Galois connections for dependencies in databases (slides)
Vendredi 17 novembre, 09:00-10:00. Président de session : Amedeo Napoli (CNRS, LORIA & Inria Nancy).
Sergei O. Kuznetsov, National Research University Higher School of Economics, Moscow
Dependencies in databases were an important issue starting from the first works on databases. Functional dependencies, multivalued dependencies, and other type of dependencies were used for database engineering database decomposability, they were also used to define database schemes. Research in data mining and knowledge discovery urged a new wave of interest to dependencies and their approximated versions, however from another point of view: they are being “mined” from databases, not given in advance. In this talk I show that Galois connections, a construction from order and lattice theory, allows for a general view on dependencies, relating them to other tools of knowledge discovery, such as domain taxonomies and biclusters. Algorithmic issues of various problems related to generation and inference of dependencies will be discussed.
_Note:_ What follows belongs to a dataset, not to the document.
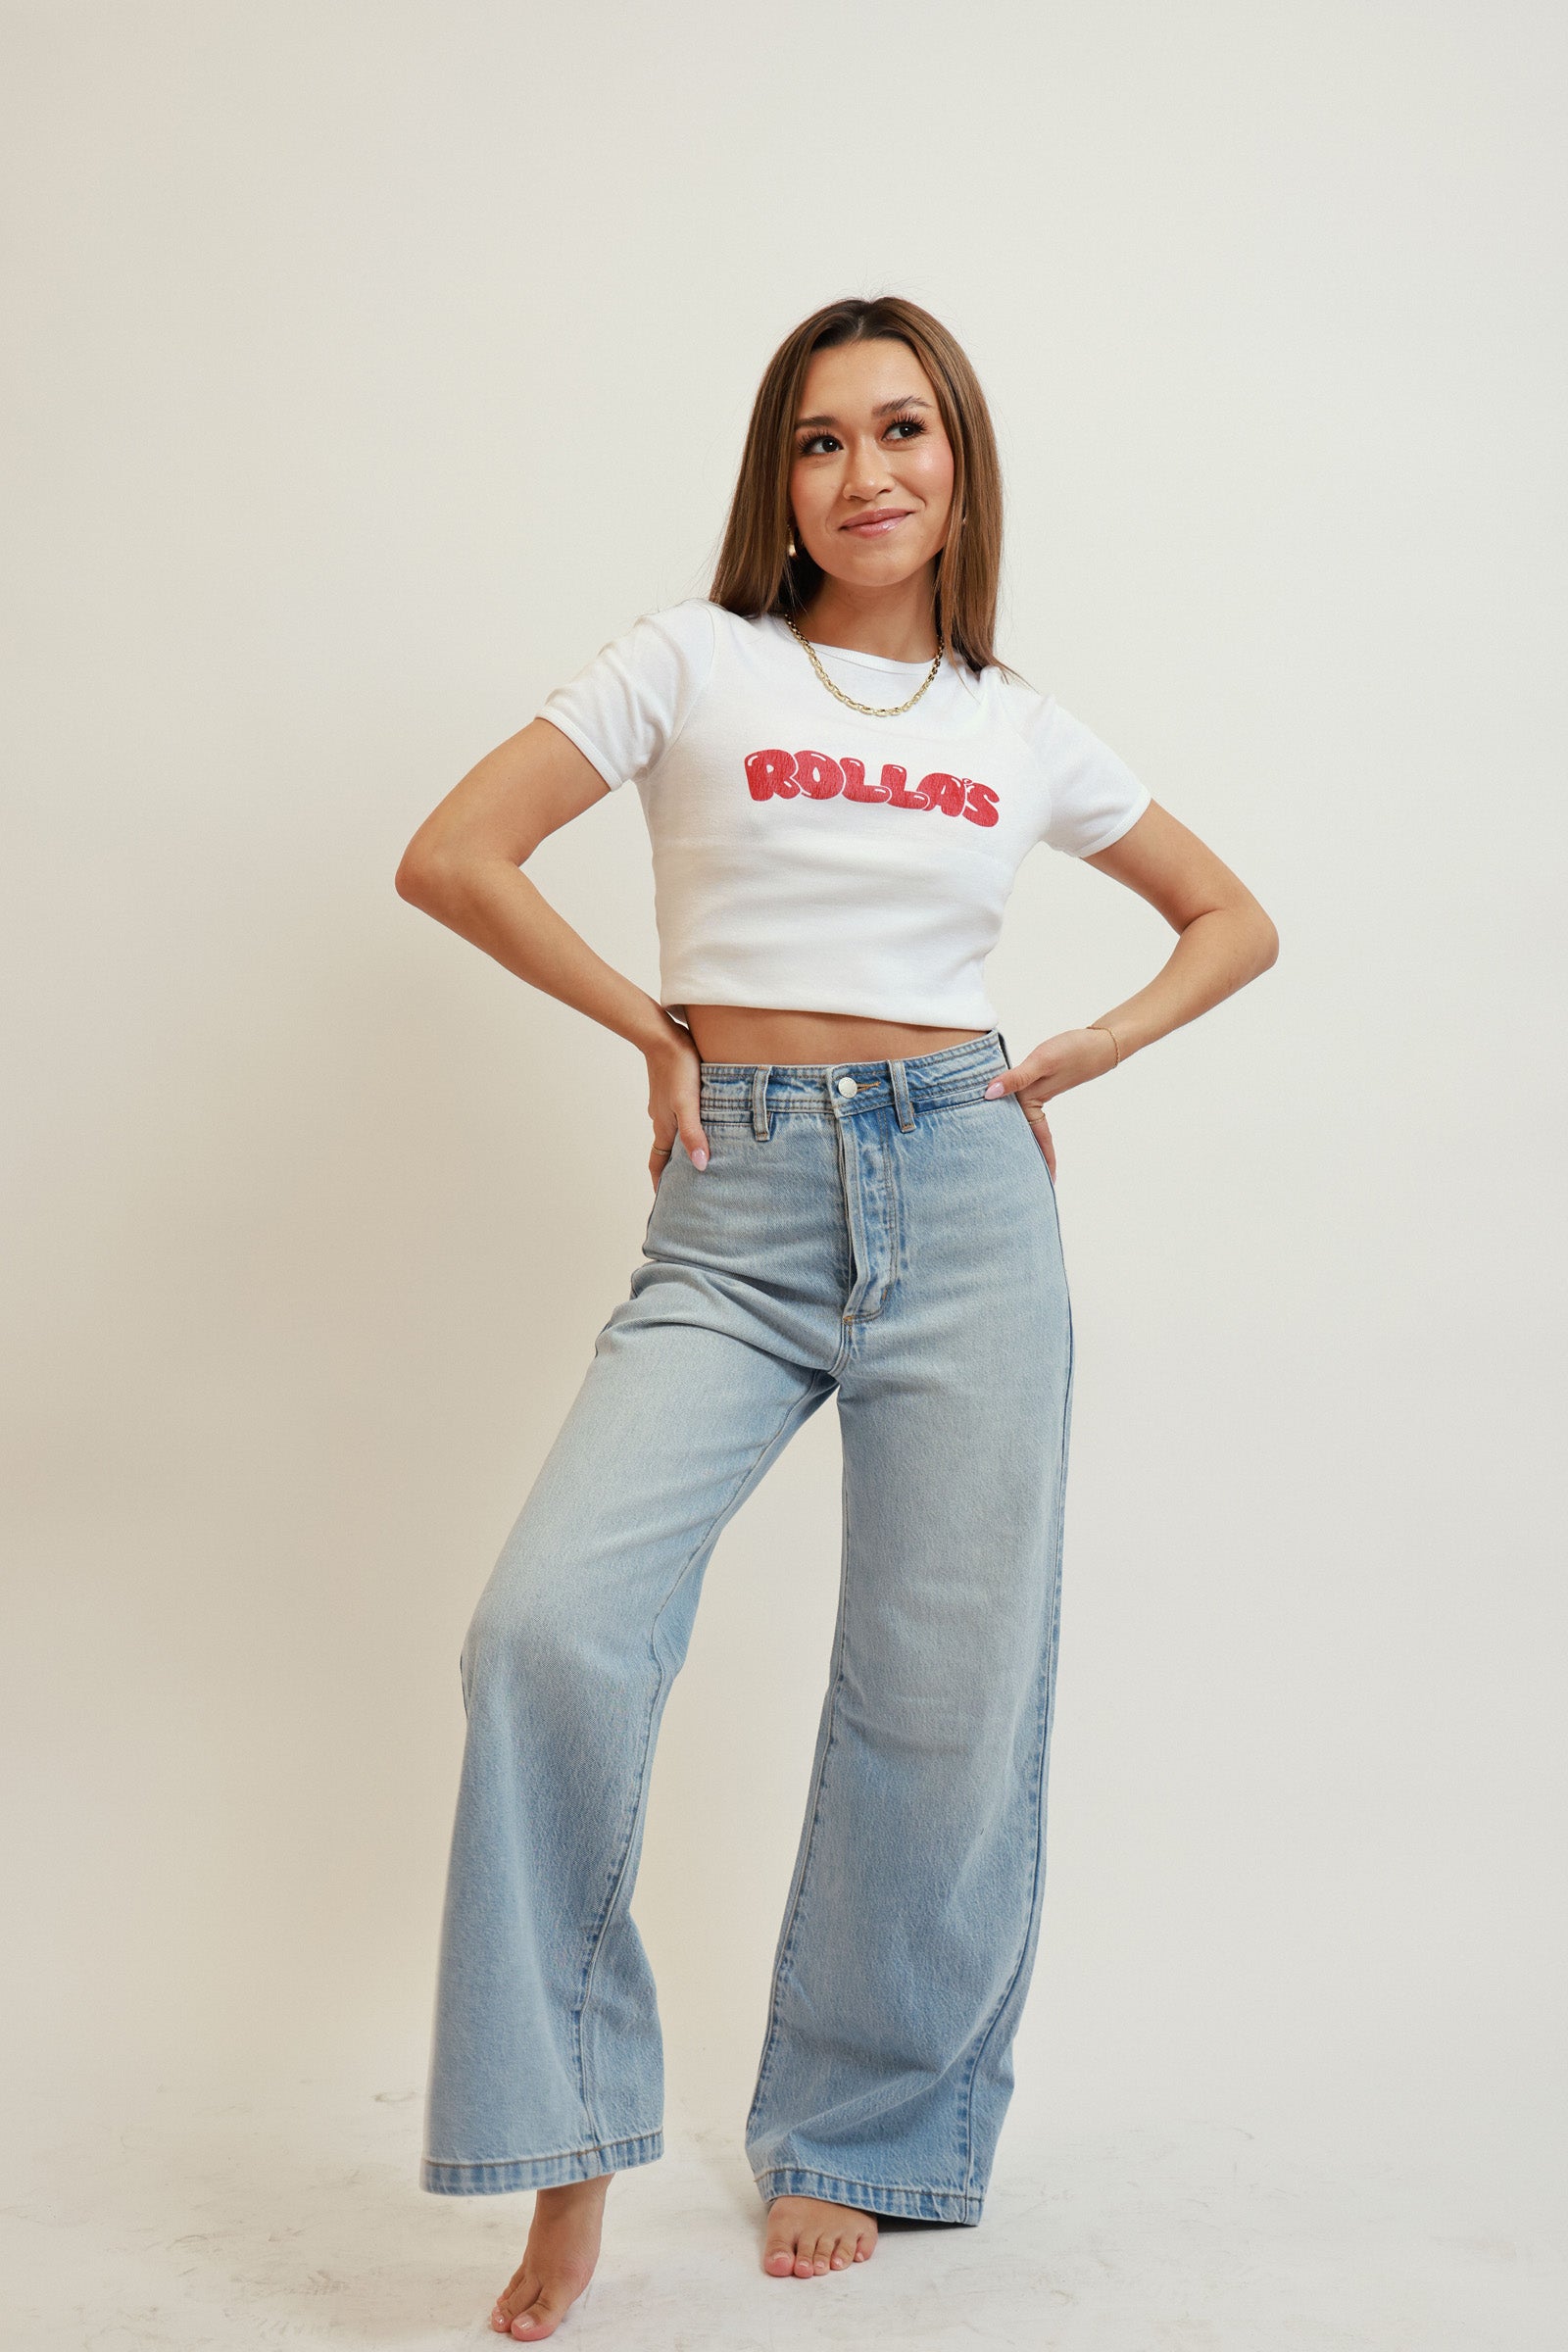 Rolla's Organic Sailor Jeans – Calico

Sergei O. Kuznetsov graduated in 1985 from the Moscow Physical-Technical Institute, Department of Control and Applied Mathematics with Diploma on Combinatorial and Logical Issues of a Plausible Reasoning System. From 1985 to 2006 was a researcher at the All-Russian Institute for Scientific and Technical Information (VINITI) of the Russian Academy of Sciences (Moscow). In 1990 defended “Candidate of Science” (PhD equivalent) thesis “On algorithmic and knowledge representation issues of a machine learning system (JSM-method)” in Theoretical Foundations of Computer Science at VINITI (Moscow). In 2002 defended “Doktor Nauk” (habilitation) thesis “A Theory of Machine Learning in Concept Lattices” at the Computer Center of the Russian Academy of Sciences.
In 1999-2004 was Humboldt fellow and invited professor at the Department of Mathematics and Science, Dresden Technical University (Dresden, Germany). From 2006 Professor of the National Research University Higher School of Economics (HSE), Head of Department of Data Analysis and Artificial Intelligence, Head of International Laboratory for Intelligent Systems and Structural Analysis, HSE (Moscow).
Scope of interests: methods and algorithms of machine learning and knowledge discovery, formal concept analysis, algorithmic complexity.